The primary concern of the Irish Pharmaceutical Union (IPU) is that, where Touchstone builds a centre on a greenfield site outside a town or village, that its own pharmacy will "literally corner the market" because of its location. This would, says IPU general secretary Seamus Feely, force out other pharmacists in the area.
"I think Touchstone would acknowledge privately that there are issues about the network of pharmacies and how they will survive into the future," he says. Feely makes the point that many people want to visit a pharmacy, even for advice, without ever needing to see a GP. "Patients will only lose out," he says.
In addition, the IPU says the presence of pharmacies in health centres "runs counter to the recommendations of the Government's own Pharmacy Review Group and its Primary Health Strategy".

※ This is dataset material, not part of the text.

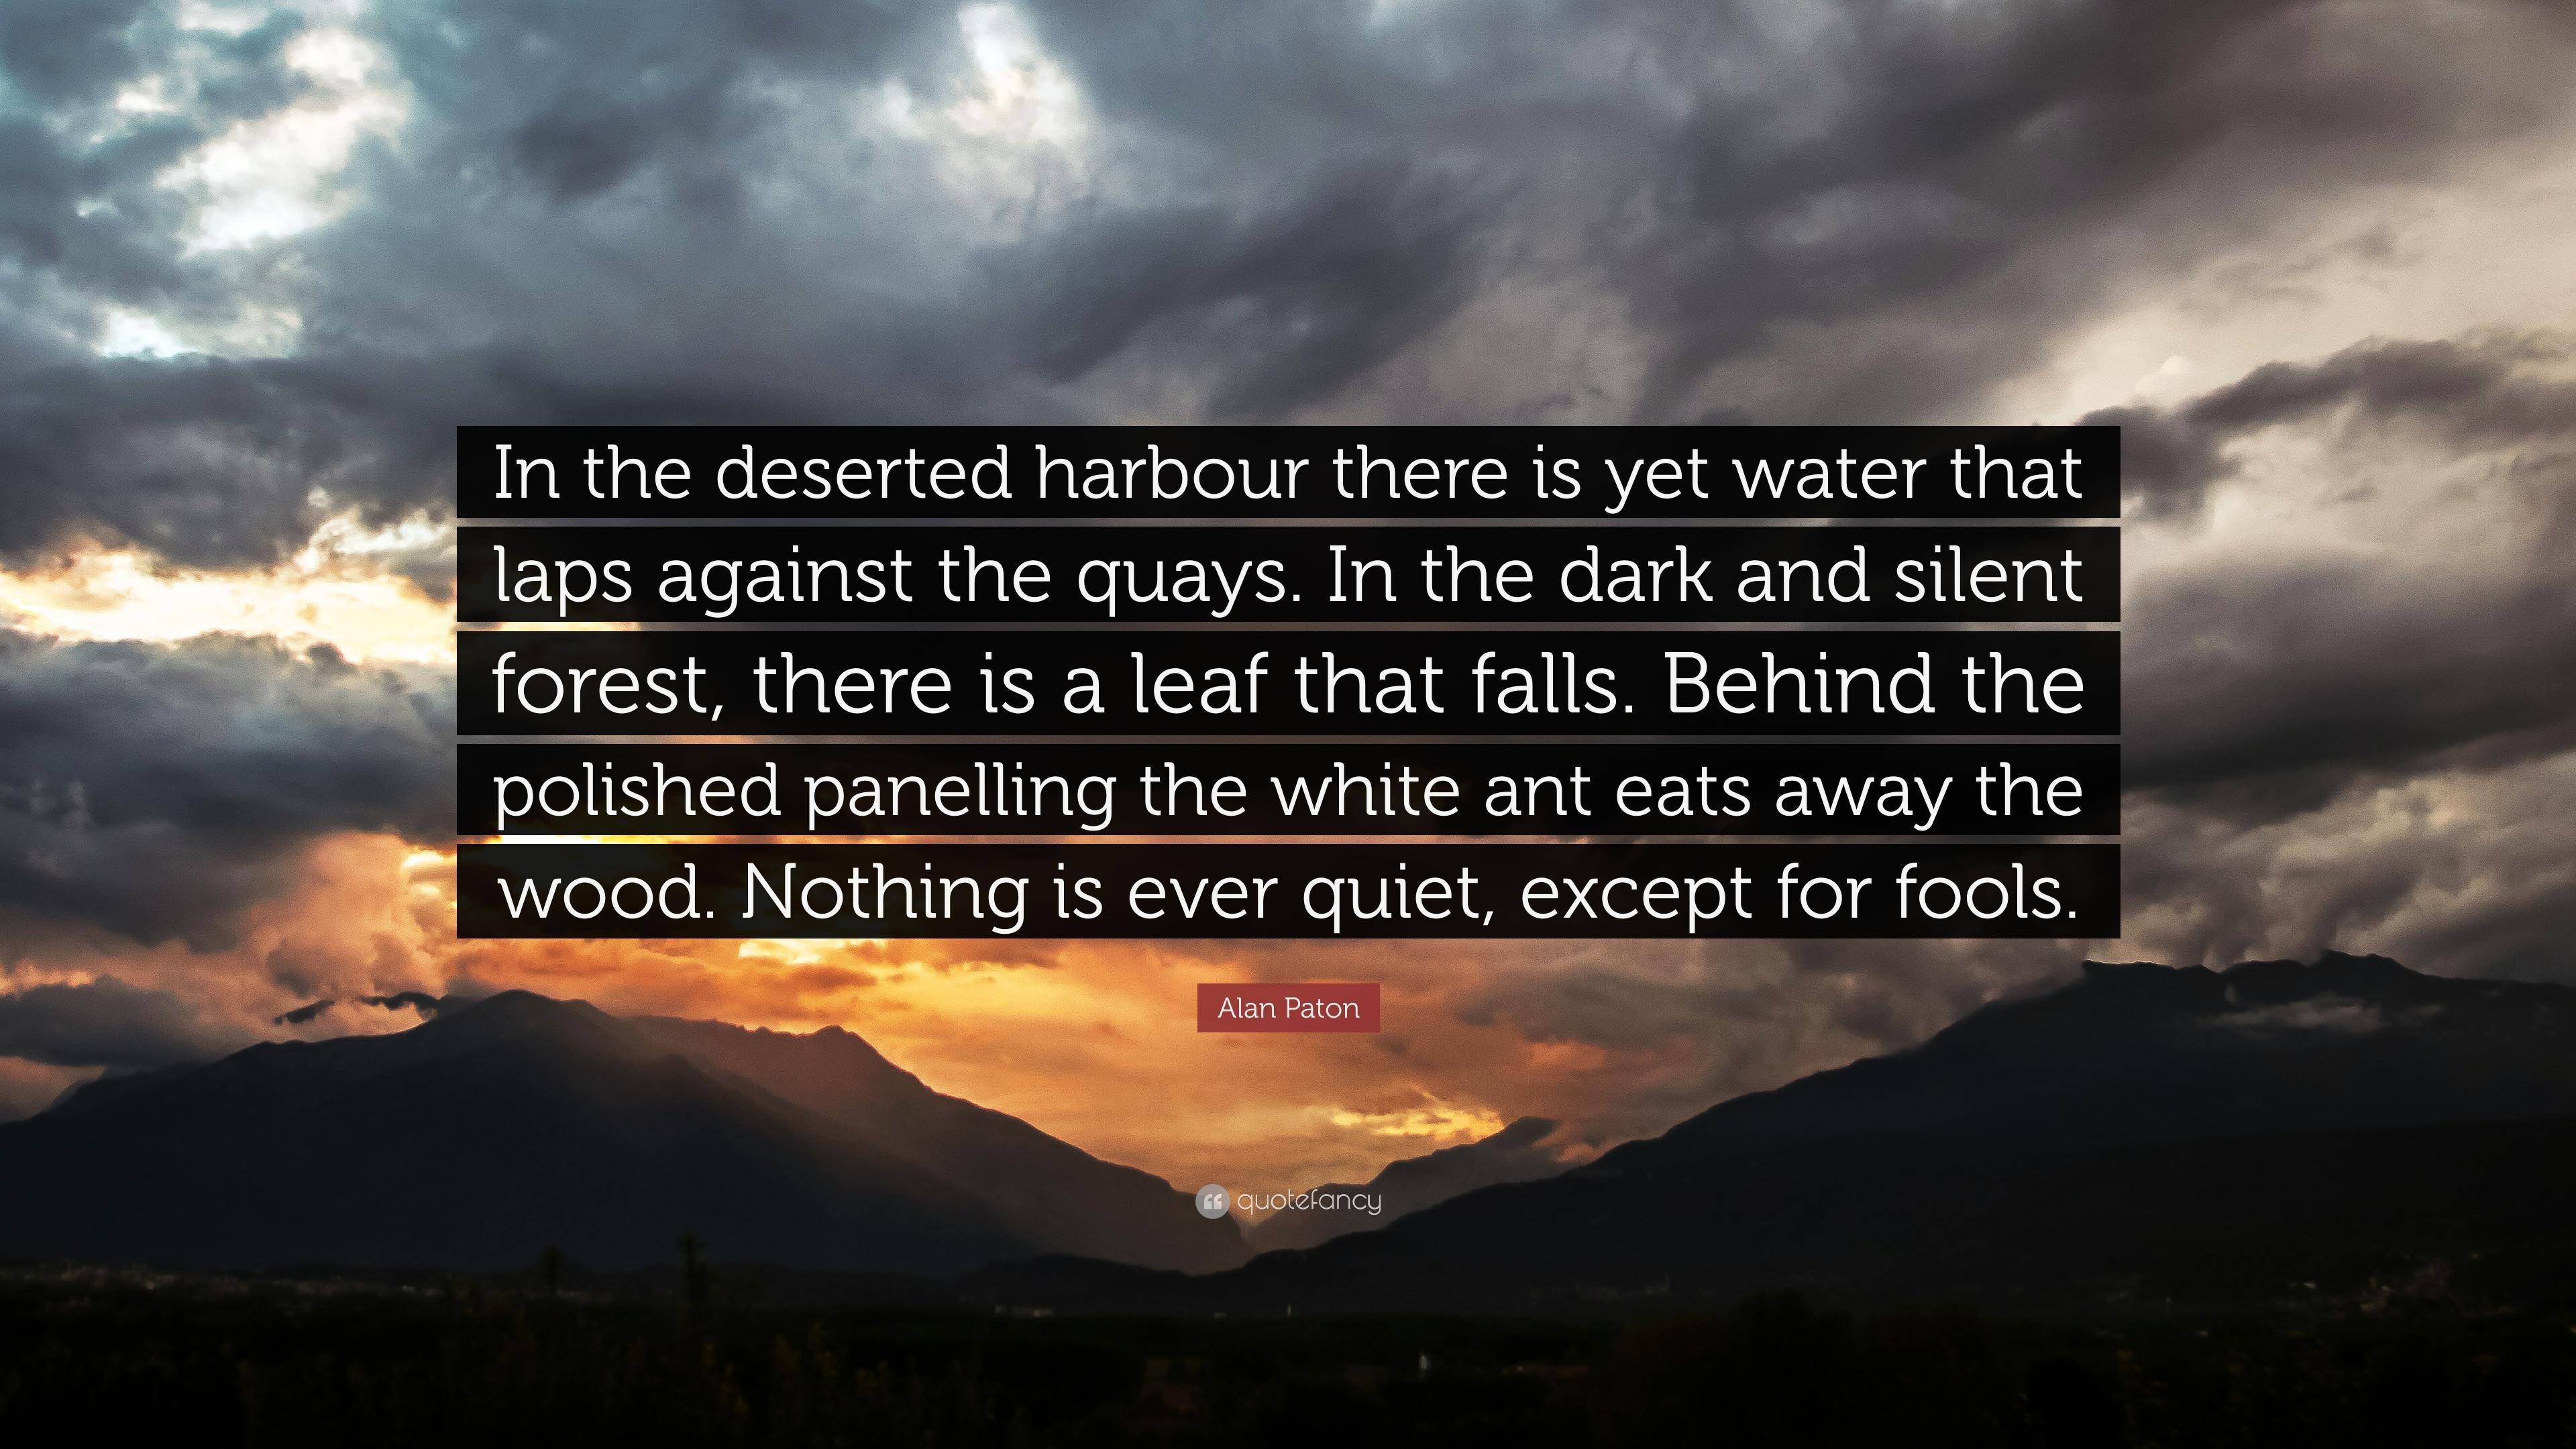 Alan Paton Quote: “In the deserted harbour there is yet water that

"Are we seeking to increase the rate at which people buy primary care services?" Hoban asks. "Absolutely we are. Why? Because if people use a hell of a lot more primary care services in this country earlier in a disease state, we would not have one of the lowest longevities in Europe, one of the highest morbidity rates for a Caucasian population and untold misery in communities like this because of the absence of those services.
"Left alone, neither the State nor the existing delivery system can generate this kind of innovation and we feel that's our unique role."
On the surface, there does not seem to be a reason why anyone would object to the construction of state-of-the-art medical centres in up to 60 towns and villages, regardless of who funds them.
Although Hoban says no one who objects to the Touchstone model has been able to give him a precise reason why there is anything wrong with it, the underlying concern perhaps goes something like this: that the raison d'etre of such centres might ultimately be profitability rather than the health of the community and that their success or failure will come to be determined by that profitability.
Objectors claim the business model may mean, for patients - or "consumers" of healthcare, as Hoban calls them - less rather than more choice.
In the week that was in it, doing the sums was irresistible. The Riverside centre was built for €6.8 million. So, in very simple terms, the €150 million spent by the State on the failed PPARS system could have built 22 such clinics.